Ask HN: Learning Engineering - xel02
I understand many people here are either from an engineering background or (like me) from a computer science background. In a lot of discussions people claim that engineering is a better background to have when it comes to problem solving.<p>I was wondering what are some good resources for computer scientists (or anyone) to learn the principles of engineering?
======
mooneater
I kinda like: <http://www.alankennington.com/philo/eng.html> after a quick
skim.

I have a computer eng undergrad degree from a solid canadian school. I cant
say we were explicitly taught "engineering principles", I wish we were. We
learned mostly domain-specific principles, but there are some deeper cross-
domain principles that are worth learning (like the link above includes).

I would add to the above, a very central concept is the "engineering trade-
off" -- there is no free lunch, etc.

Another smaller one I like is "visibility", seeing clearly into your system
and its state is critical to debugging/design and clear thinking.

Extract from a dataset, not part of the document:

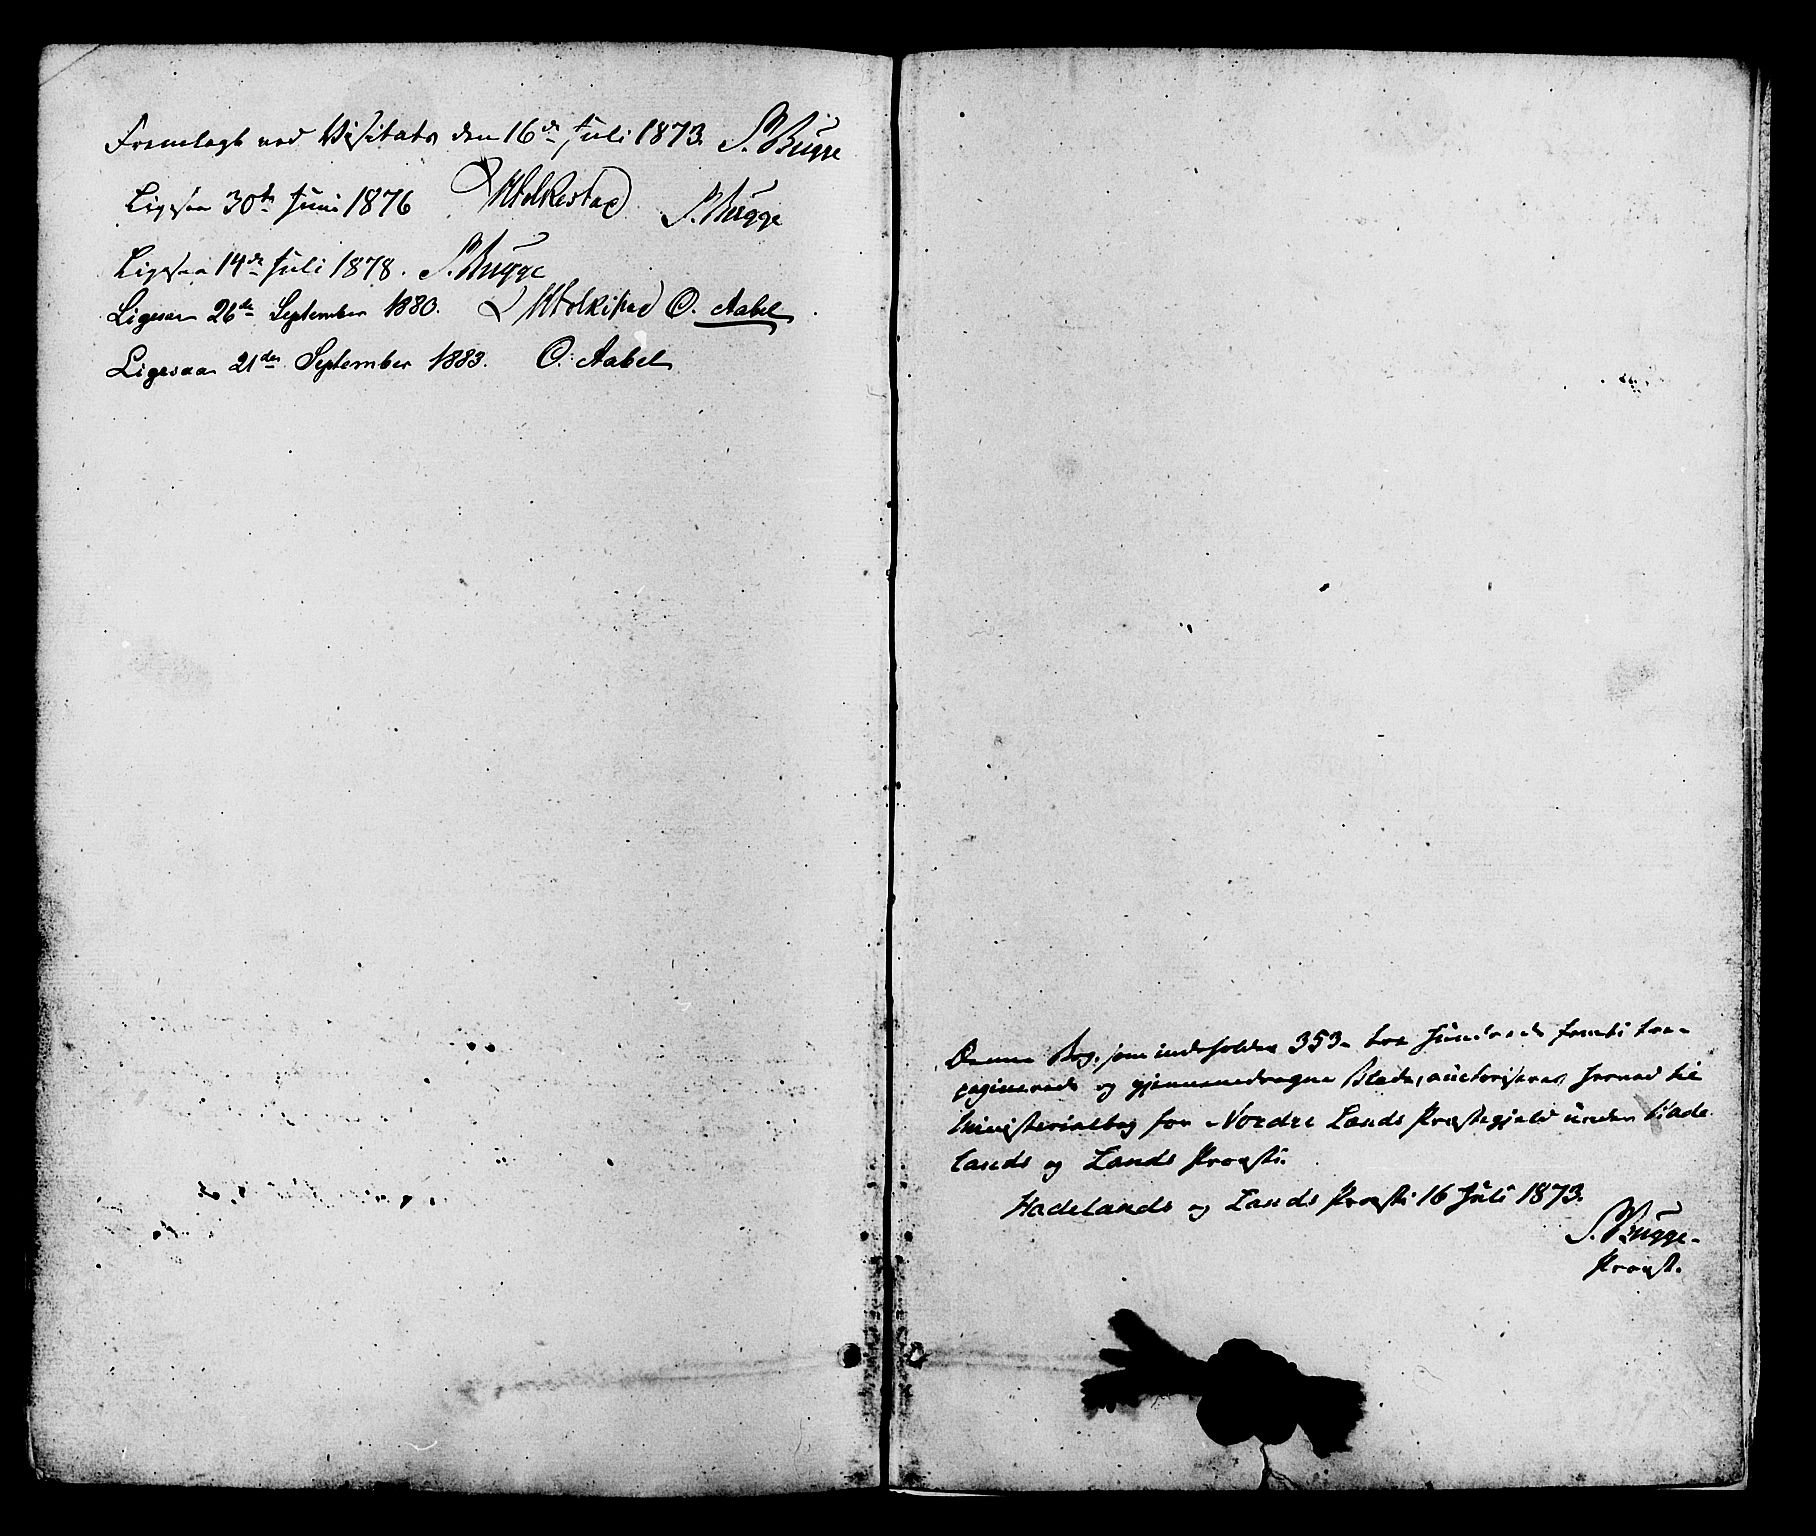 SAH, Nordre Land prestekontor, Ministerialbok nr. 2, 1872-1881

There are also things you kind of learn by osmosis from doing projects and in
the workforce. Like, dont overestimate how hard it is to do some custom work
to create something new (a good FPGA programmer or C programmer can do amazing
things in a week). And also, dont underestimate how hard it is to maintain
said custom work (most university projects dont give a sense of maintenance
cost, the overriding cost in the real world).

------
drblast
I've got a B.S. in Comp Sci, and like you, heard that engineering would be a
more valuable degree, so when I had the opportunity to get my masters, I got
it in E.E.

I don't think there are many aspects of EE, if any, that prepare you more for
"problem solving" than CS. That's not to say it's not worthwhile. EE is more
difficult and broader than CS; it's also expensive and time consuming to learn
it all on your own.

The nice thing about engineering is that the math is extremely similar between
fields. Mechanical engineering uses a lot of the same techniques that
electrical engineering does, as many of the principles are the same (stability
is important in both).

You can use a lot of your CS skills to do engineering experiments. There are a
lot of EE fields that are nearly all done in software now. Software Radio is a
big one and Digital Signal Processing is another.

So, get an introductory Circuits textbook and learn the math. Learn
differential equations. Play around with robots and try to get them to do
things extremely accurately; this will introduce you to control systems.

Also, learn to love math and be able to read and understand formulas and
equations with a lot of Greek letters.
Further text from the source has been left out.